Keywords: calcium channel blockers, fibroblast growth factor 5 gene, hypertension, rs1458038
1. Introduction
Hypertension continues to be a major health concern among Filipinos and worldwide. Left untreated, elevated blood pressure can lead to several fatal consequences such as chronic kidney disease, heart failure, myocardial infarction, and stroke. Despite availability of anti-hypertensive drugs, the global burden of hypertension remains substantial at 20,526 per 100,000 individuals with systolic BP of 140 mm Hg or higher.[1] In the Philippines, as of 2018, an estimated 19.2% of the adult population have a blood pressure of 140/90 mm Hg or higher.[2]

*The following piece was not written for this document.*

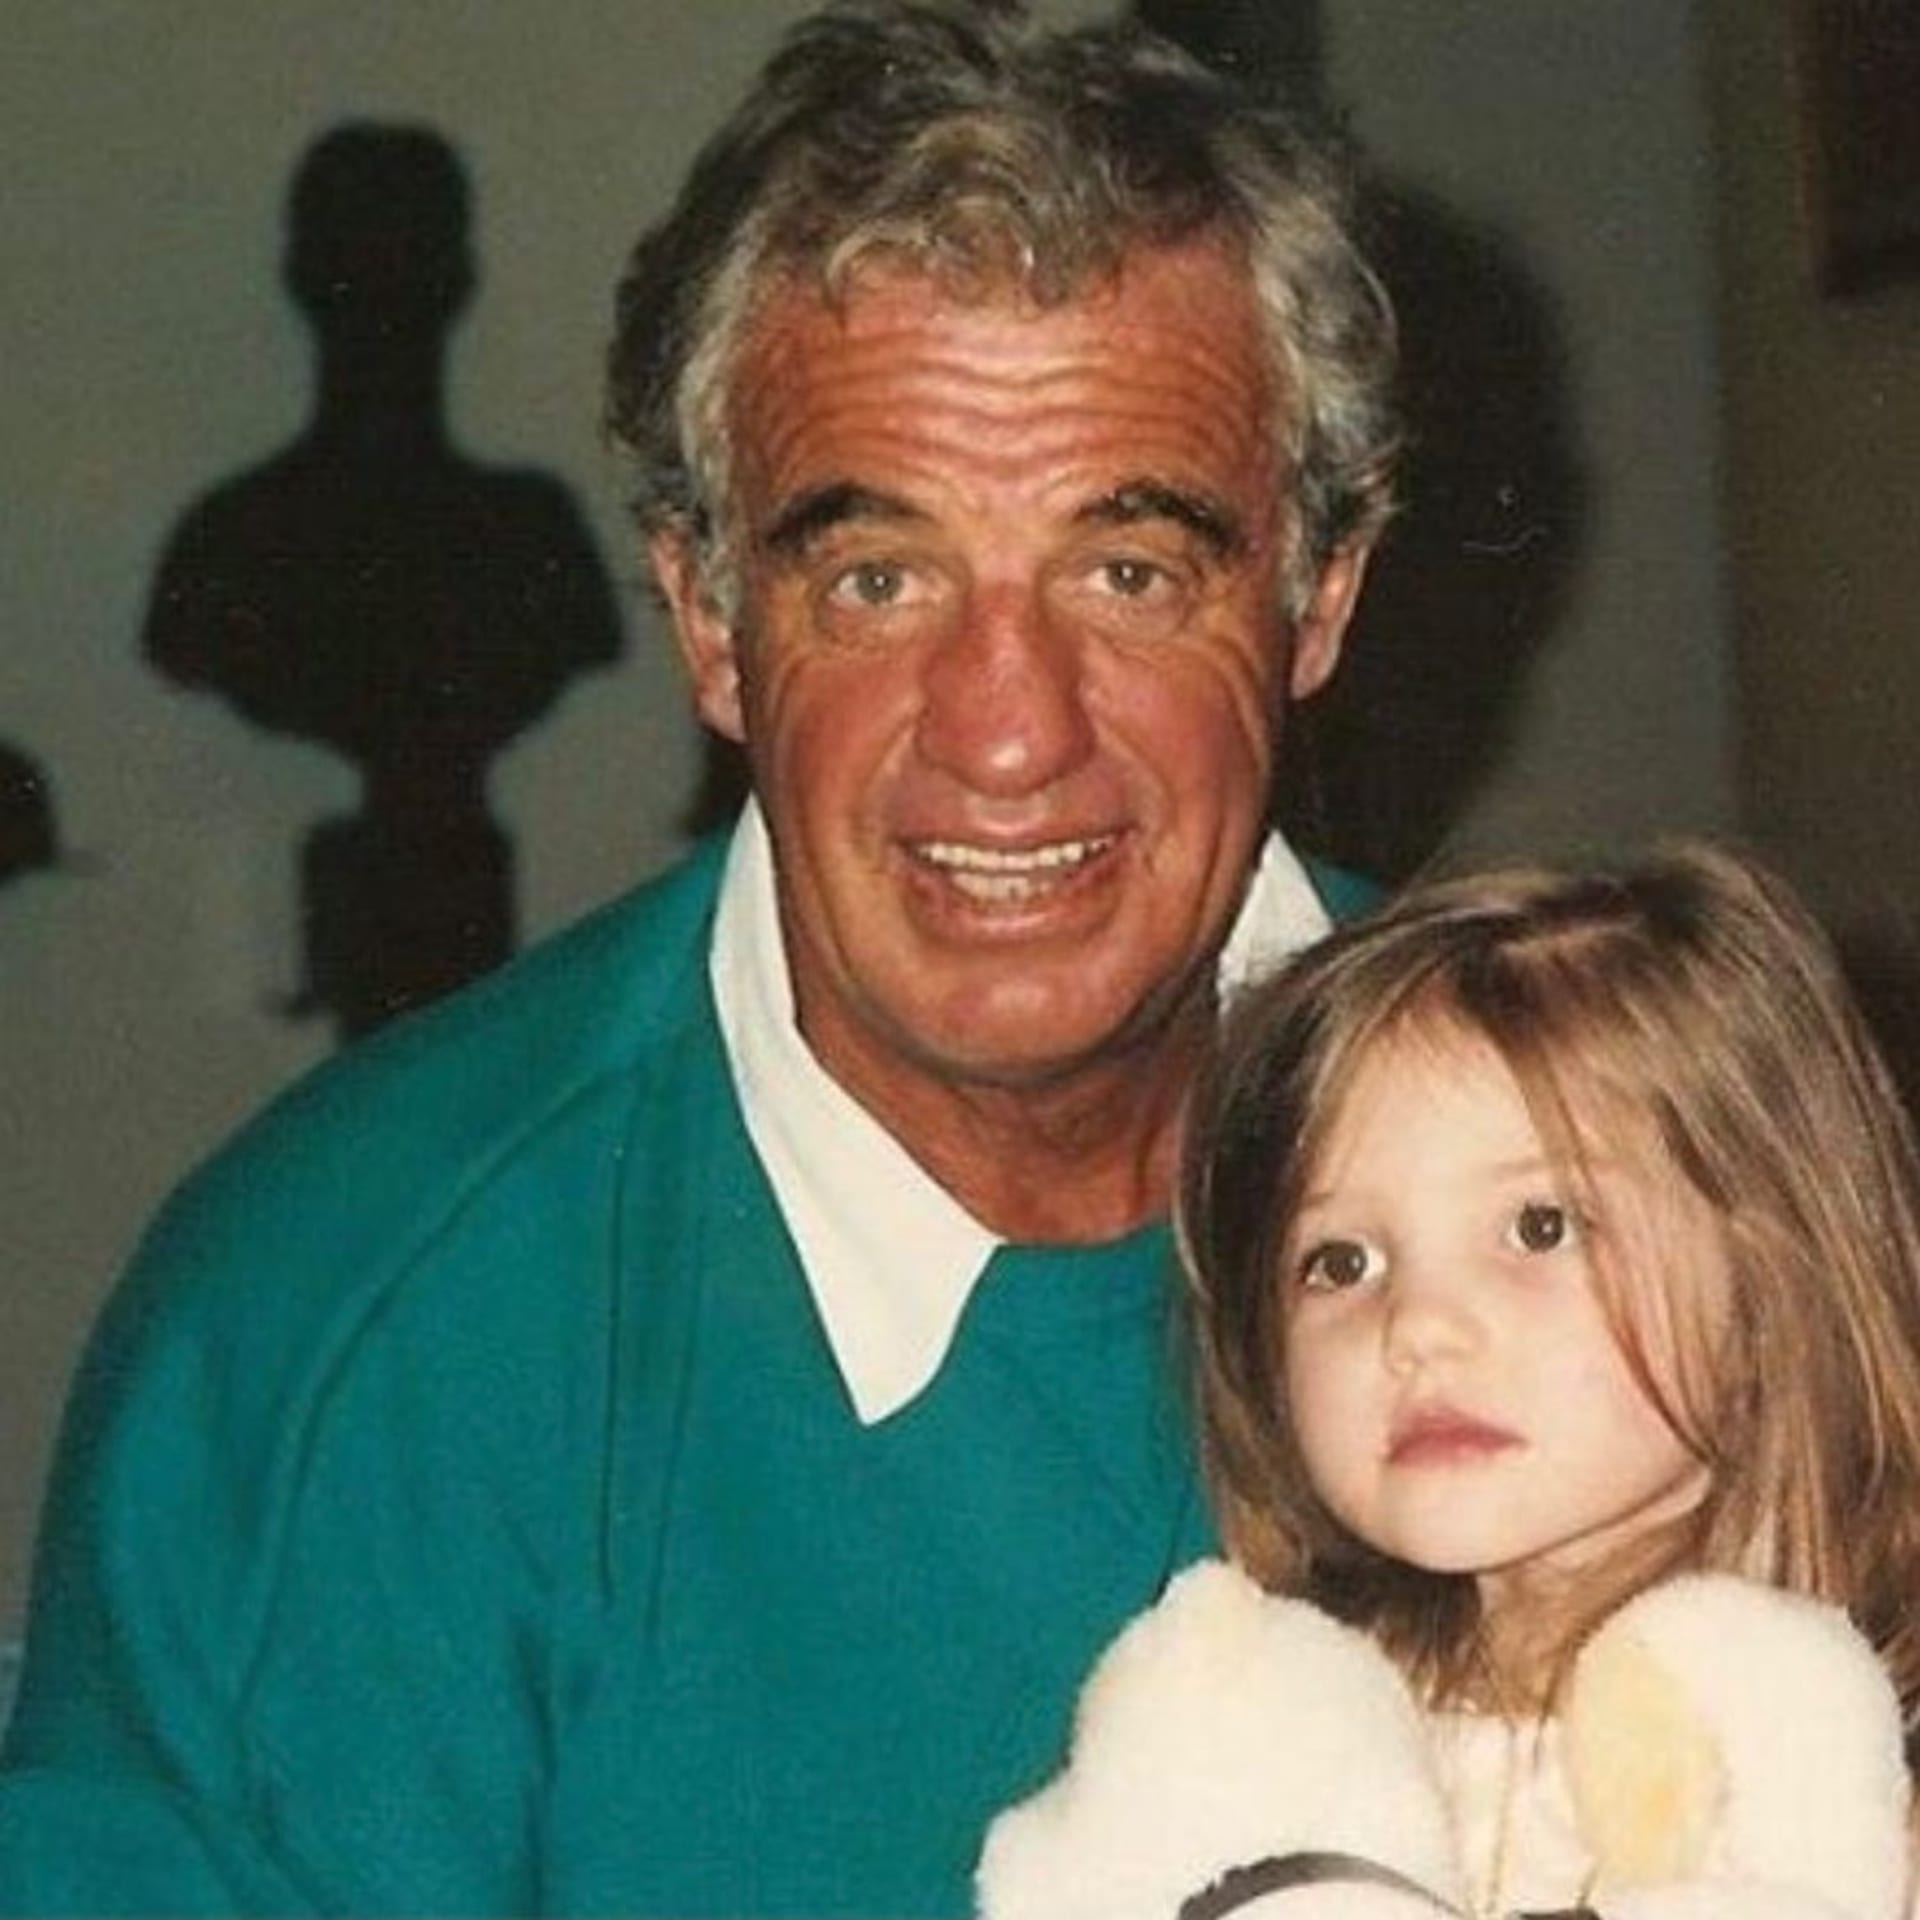 Jean-Paul Belmondo se svou vnoučkou Annabelle

Calcium channel blockers (CCBs) are among the firstline medications used to treat hypertension.[3] These drugs prevent the contraction of vascular smooth muscle cells through blockade of calcium (Ca2+) ion influx, inducing vasodilation, and a decrease in total peripheral resistance, which lower blood pressure.[4] Clinical trials have shown that CCBs are well-tolerated and effectively improve blood pressure, and the use of CCBs result to reduced major coronary events that is comparable with other drug classes.[5–7] Their well-established efficacy as well as accessibility explain why CCBs have ranked as the second most prescribed drug for hypertension in the Philippines.[8]
The effectiveness of CCBs in lowering blood pressure has been investigated in terms of both ethnic differences and genetic polymorphisms. African Americans demonstrated better responses to CCBs compared to Caucasians.[9] Among Asians, CCBs were reported to be more effective in controlling blood pressure and reducing risk for stroke compared with other drug classes.[10] Pharmacogenetic studies showed that polymorphisms in calcium voltage-gated channel subunit alpha1 C (CACNA1C) are associated with CCB response among Caucasians,[11] cytochrome P450 3A4 (CYP3A4) among African American,[12] and urea transporter 2 solute carrier family 14 member 2 among Chinese.[13] However, outcomes from these studies cannot be generalized across populations due to inherent interpopulation differences in genetic profile. Thus, population-specific studies of candidate genes are needed to translate pharmacogenetic findings into clinical applications.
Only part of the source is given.